Do you remember the 9th March 2009? That was the day that the FTSE touched an intra-day low of 3,460 — a 49% decline from its high of the 15th June 2007, just before the credit crunch and the worst global recession for 60 years.
Yet for some investors — including yours truly — March 2009 is remembered as a time of opportunity, not simply fear and plain.
Quite simply, share prices had been slaughtered across the board, with blue-chip bargains on offer just about everywhere.
Analysis paralysis
Investors who held back in March 2009 have been looking longingly at share price charts ever since. If only, if only…
But they didn’t buy. They sat on their hands, paralysed by fear and uncertainty, sure that things would get worse — and the market recovery and ensuing bull market passed them by.

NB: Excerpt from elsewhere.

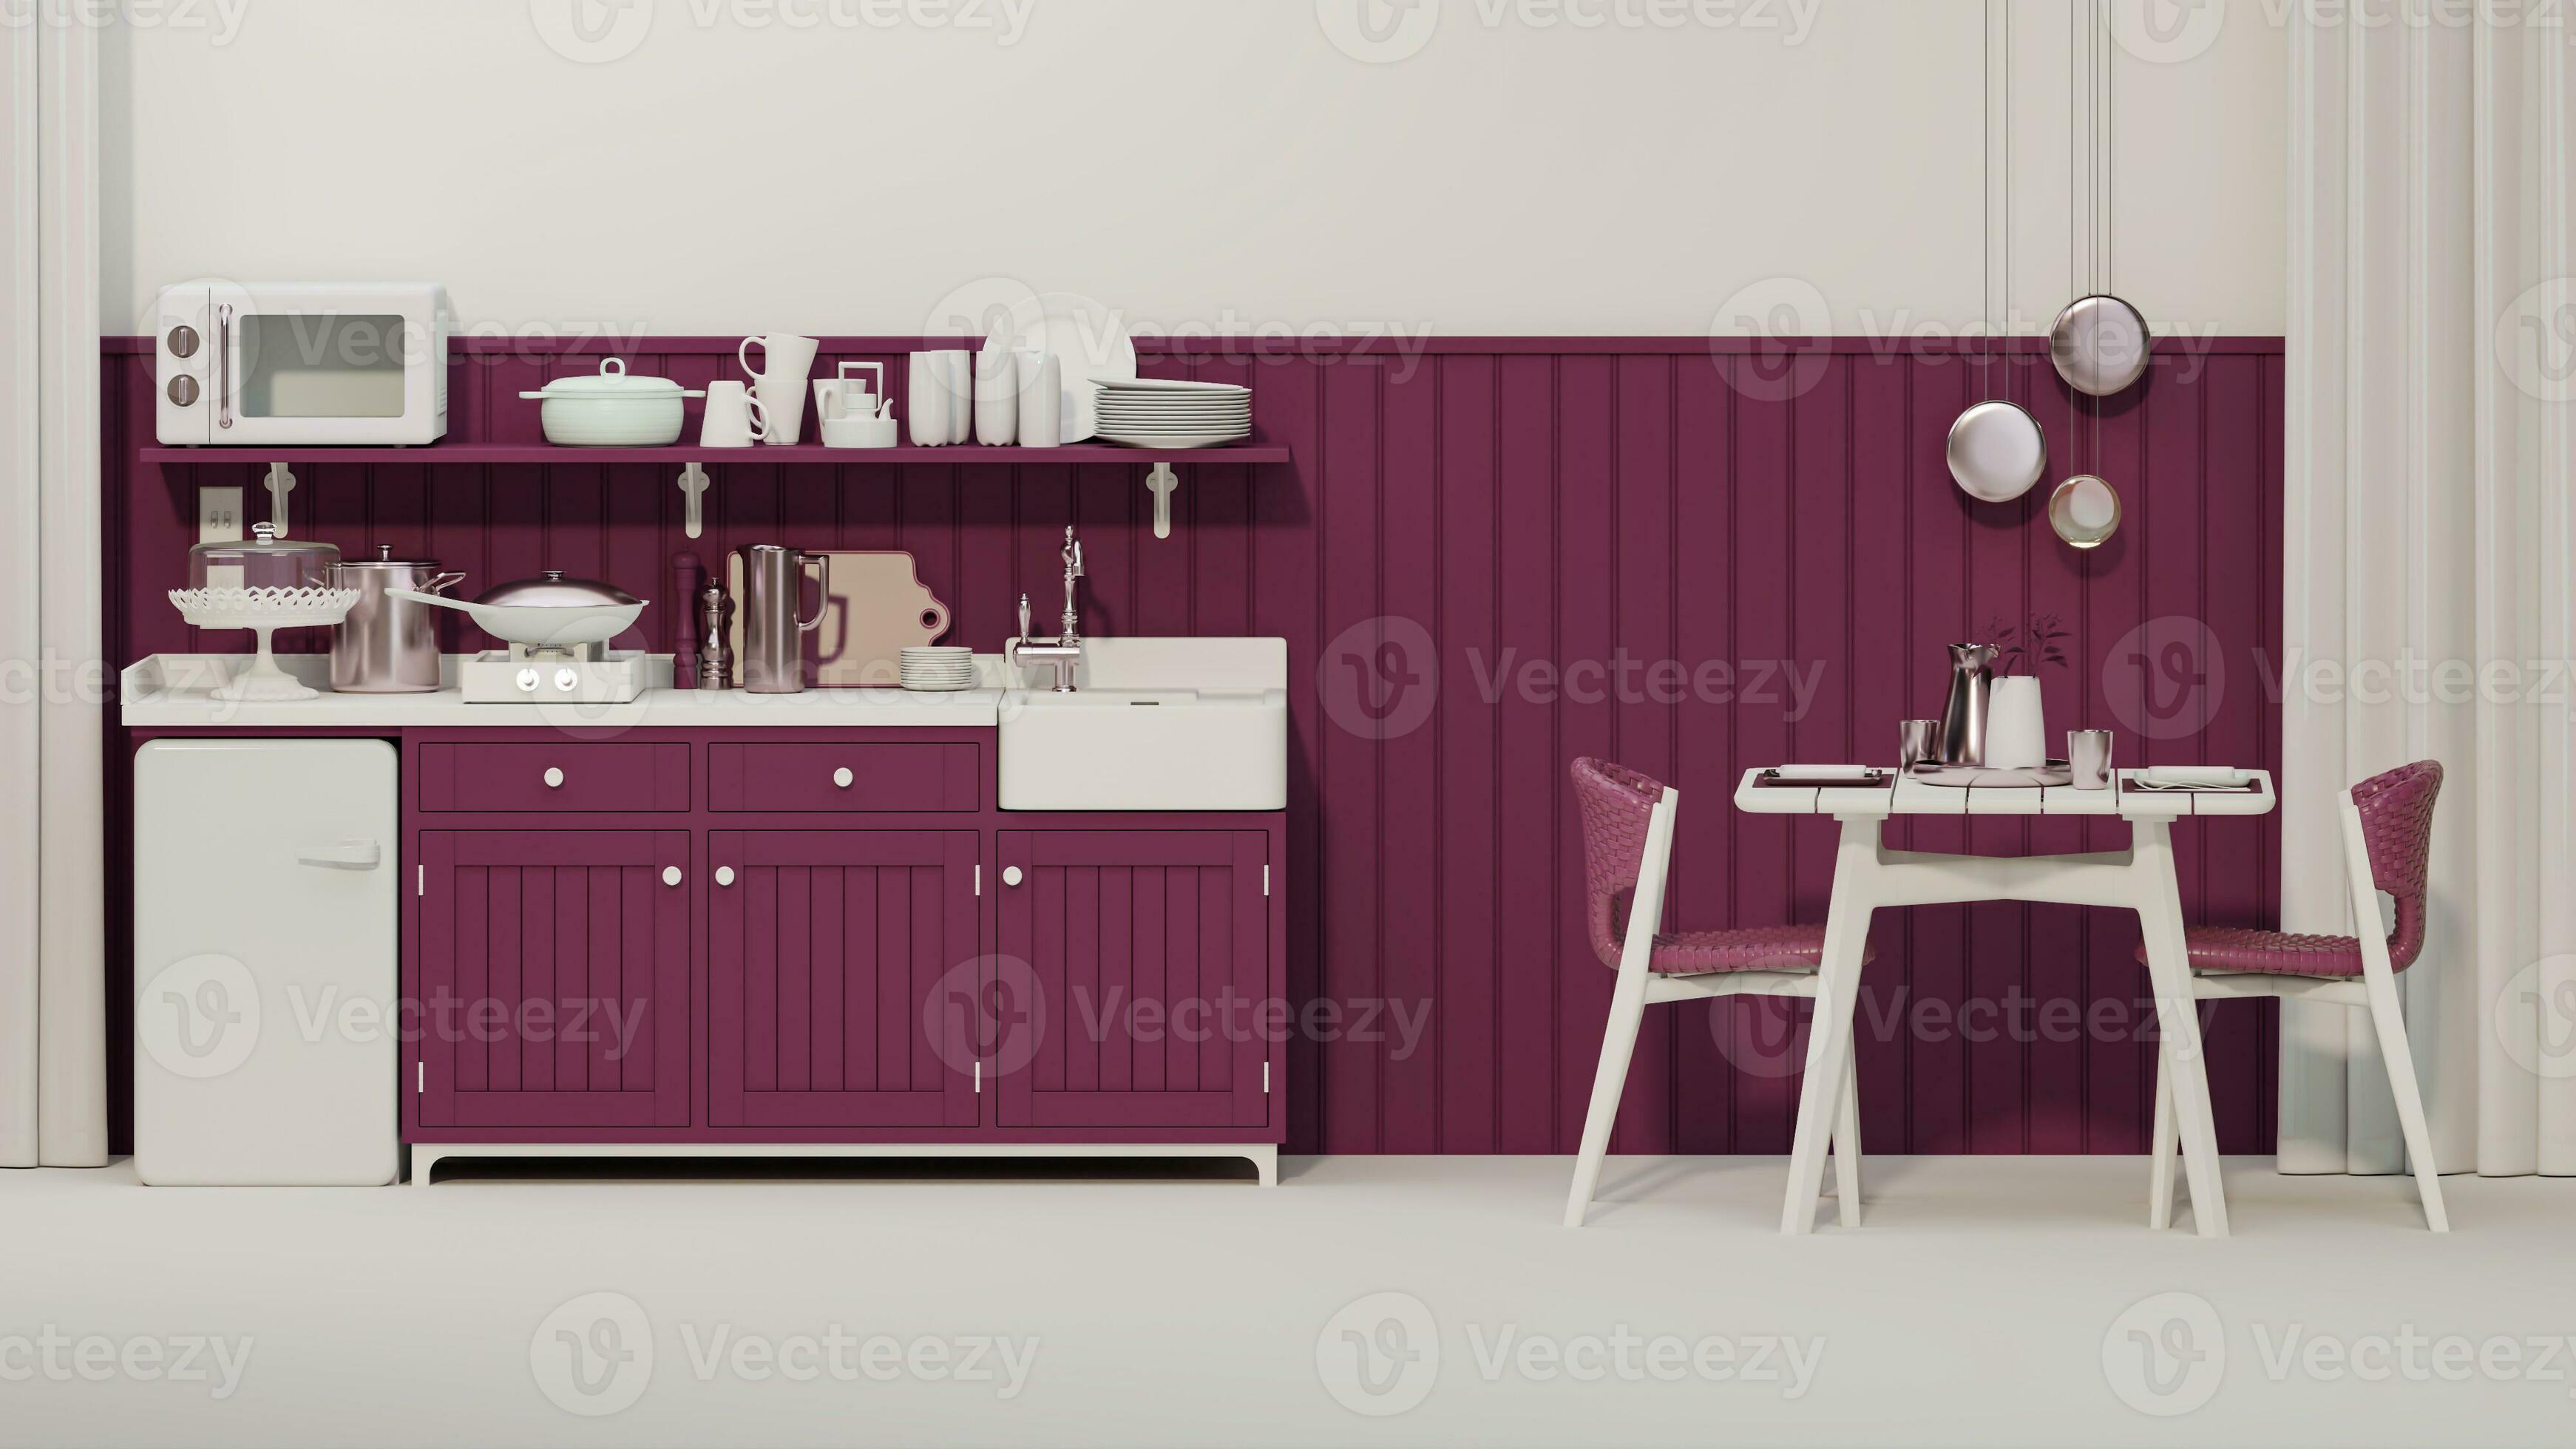 Paneles de pared viva magenta con estante de madera en una cocina moderna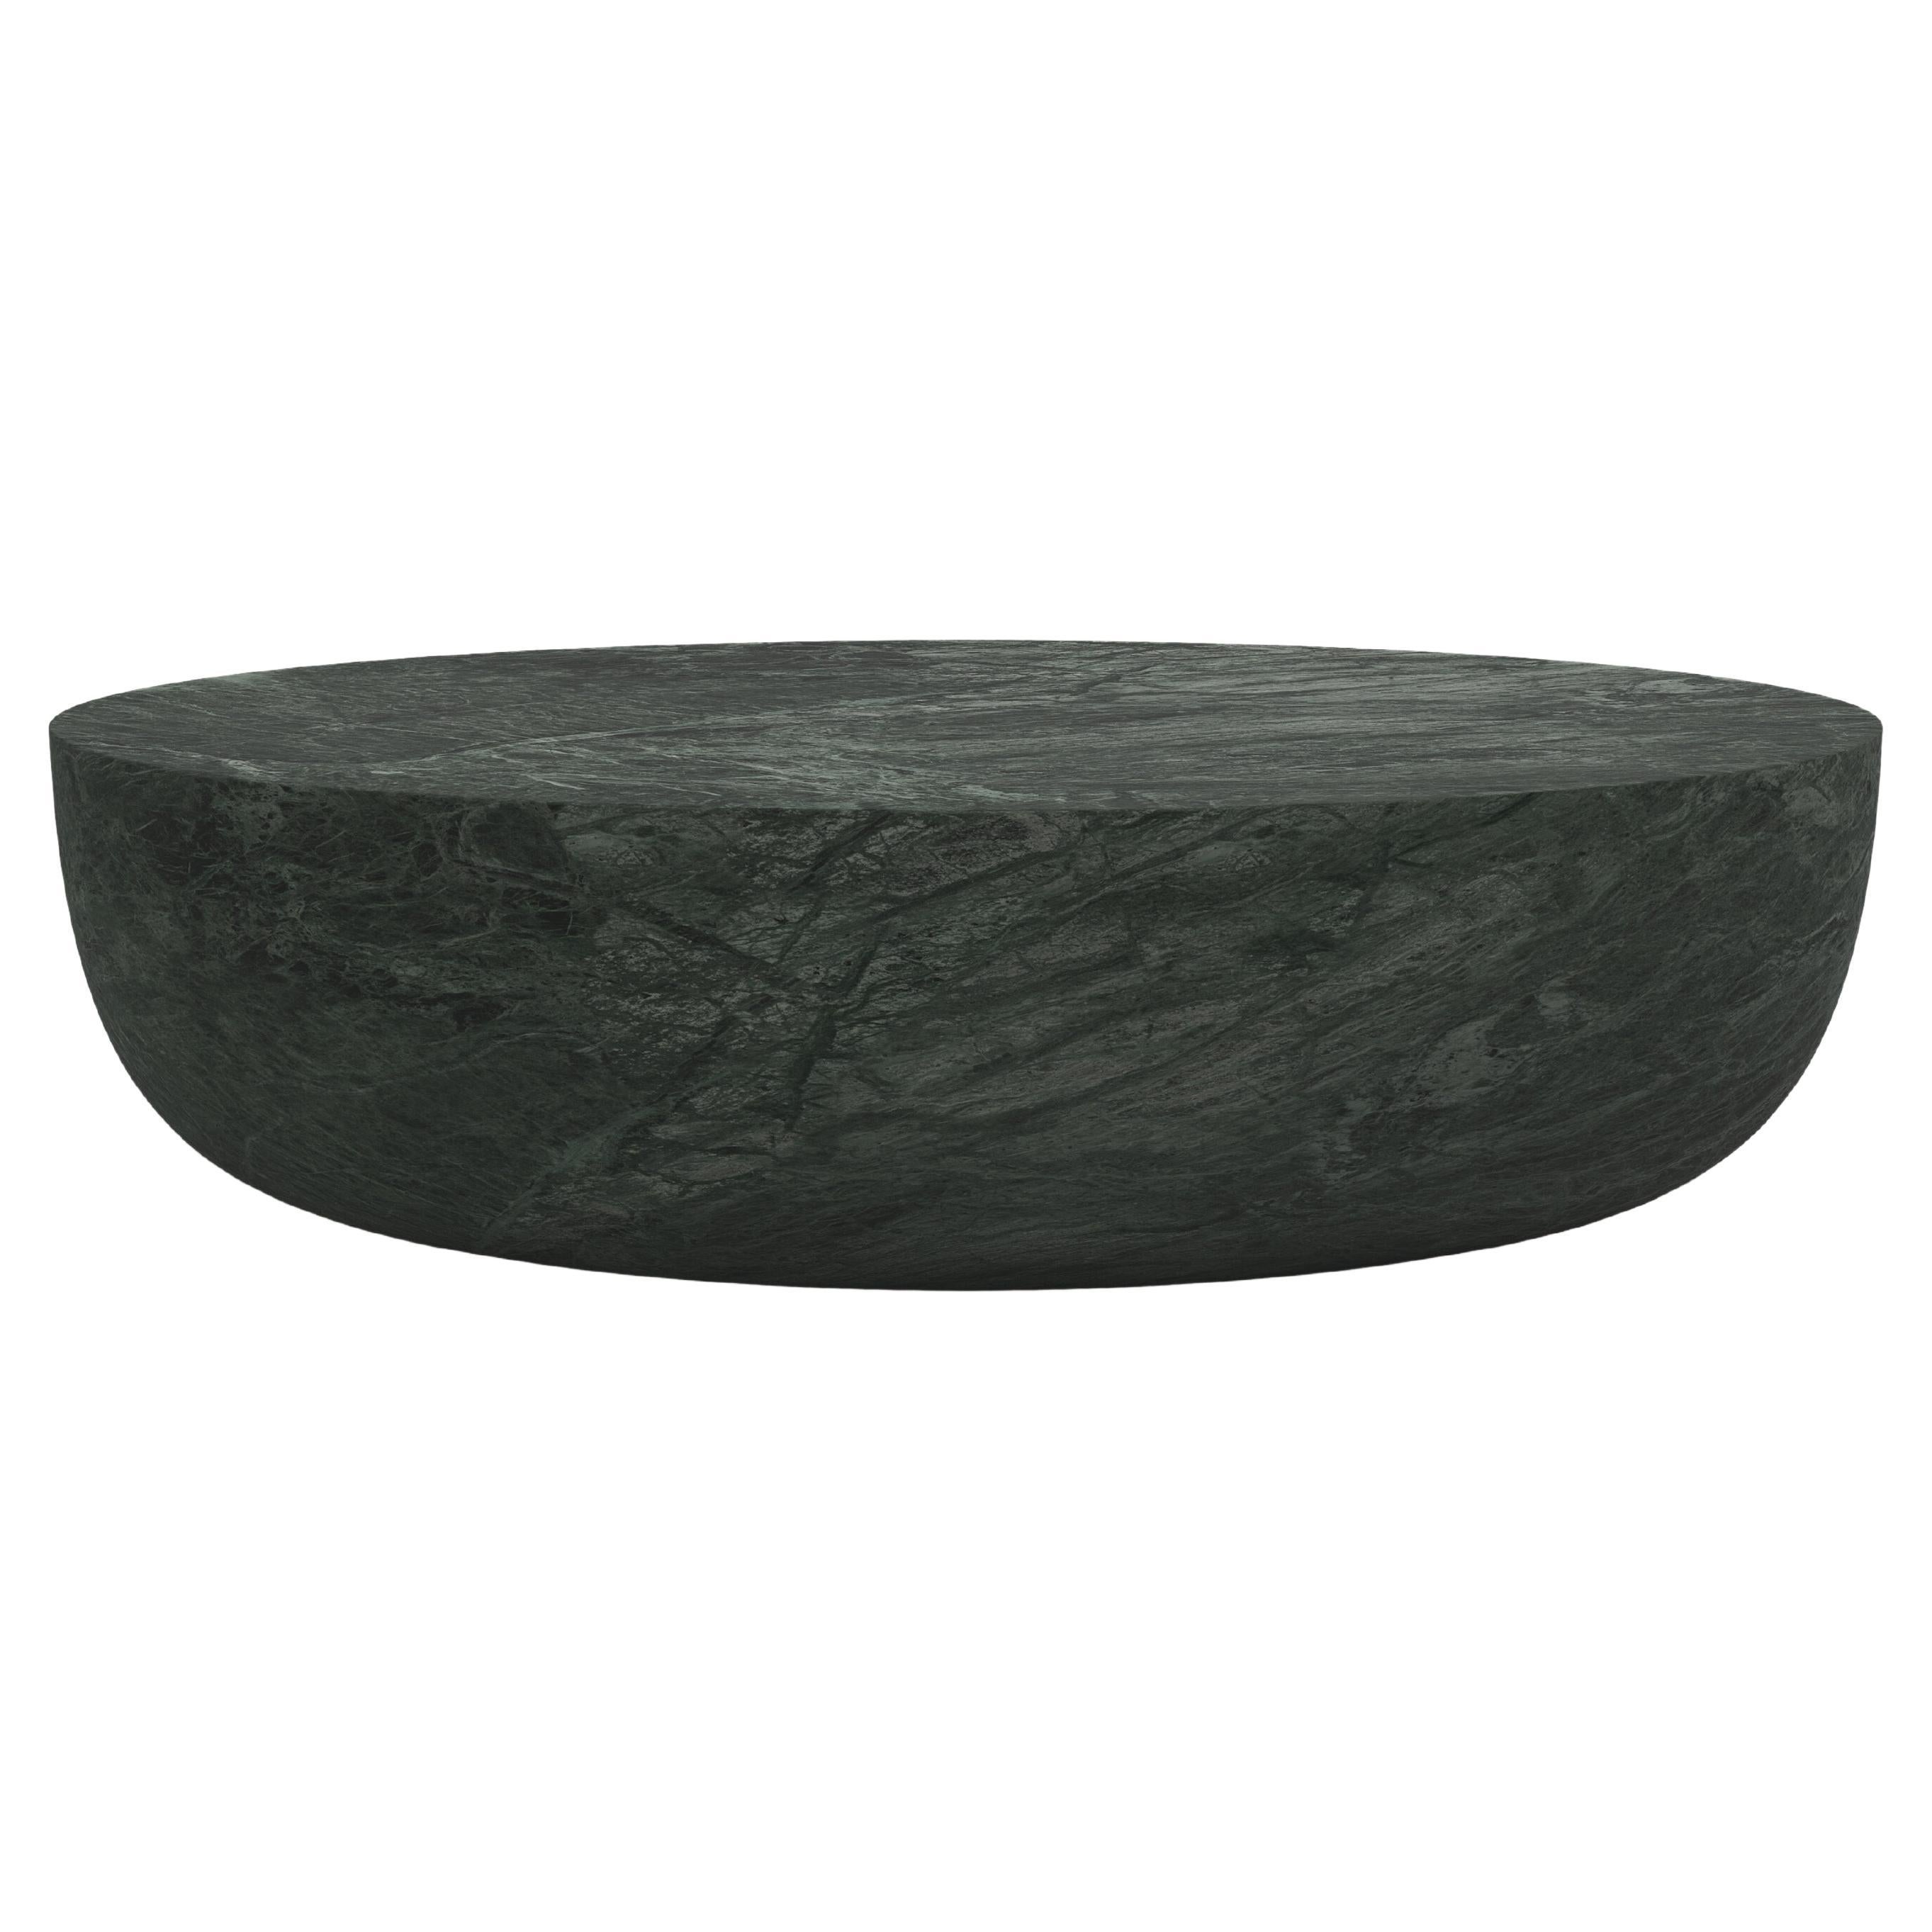 FORM(LA) Sfera Oval Coffee Table 72”L x 48”W x 16”H Verde Guatemala Marble For Sale

All of which I mention because — just possibly — another such opportunity may be hoving into view.
It won’t be bargain-basement prices across the board, to be sure. But in two significant sectors of the global economy — oil and gas, and mining — share prices appear to be exhibiting significant weakness.
Buying into an income stream
Now, let’s be clear. As someone in their sixties, my main investment focus is on securing an income, and buying shares that pay decent — and sustainable — dividends.
Not for me the murkier shores of AIM, where investors in oil and mining stocks can clock up enormous gains, but also enormous losses.
What interests me is a different proposition altogether: giant FTSE 100 oil and mining stocks, along with some of the FTSE 100 and FTSE 250 businesses that supply them with vital goods and services.
Royal Dutch Shell, for instance, which hasn’t cut its dividend in decades. Rio Tinto. BHP Billiton. BP. Anglo American. Plus, as I’ve said, the mining and oil services supply companies that support such businesses.
Spotting the low
Over the long term, these companies have rewarded businesses very handsomely, and there’s every prospect that this track record will continue, despite the risks of some short-term pain.
So as an income investor, I’m eyeing up the prospect of buying into a nice stream of — hopefully, rising — dividends. And, of course, capital gains — should I ever wish to sell — as markets recover.
The question is, recover from what, exactly?
Because right now, this is the question that underpins any buying decision.
Follow the market
Just take a look at commodity prices. Brent crude oil is down from $108 per barrel to $53 per barrel, over the past 12 months. Gold, down from $1300 per ounce to $1100. Copper, down from $7050 per tonne a year ago, to $5189 now. Aluminium, down from $2000 a tonne a year ago, to $1715 a tonne now. Iron ore? $50 a tonne, versus $93 a year ago.
And so on, and so on. These are significant price falls — enough to break smaller and less-profitable businesses, or those operating in marginal conditions.
Shares in Australia’s Atlas Iron, for instance, fell 70% on Monday, after the company resumed trading after a hiatus caused by the collapse in ore prices. Now worth just AUS 4¢, they’re down from AUS 71¢ a year ago.
Closer to home, BHP Billiton — in which I have a stake — is down from £20.96 a year ago, to £11.30 as I write these words. Royal Dutch Shell, another holding, is down from £25.50 a year ago, to £17.60 today.
Unknown unknowns
Bargain — or bear trap? The truth is, no one knows. In mining, a lot depends upon the state of the Chinese economy, which consumes a huge amount of commodities, and so has a major impact on prices. In oil, Saudi Arabia and Iran are the big unknowns.
Plus, of course, these are very cyclical industries, with some observers worried that — especially in mining — a ‘supercycle’ is coming to an end, heralding not just months of low commodity prices, but years.
So while some investors are screaming “Buy!”, others are reaching for their bargepoles. No one really knows what will happen.
Finger poised…
Me, I’m biding my time. What I will say is that priced at £11.30, BHP Billiton is at almost exactly the £11.56 it was in early March 2009, back at the market’s nadir — although BHP Billiton’s own nadir was a few months earlier, in November 2008, when the stock briefly touched £7.97 as the global economy ground to a halt.
And somehow, things don’t feel as bad as 2009. Not by a long chalk. So there’s definitely an argument that BHP — and others — are starting to get seriously cheap.
At some point in the next few months, I’m fairly sure that I’ll be adding to my holding in BHP Billiton — and also Royal Dutch Shell, and one or two mining and oil industry support businesses.
But I don’t think that the time is quite right, yet.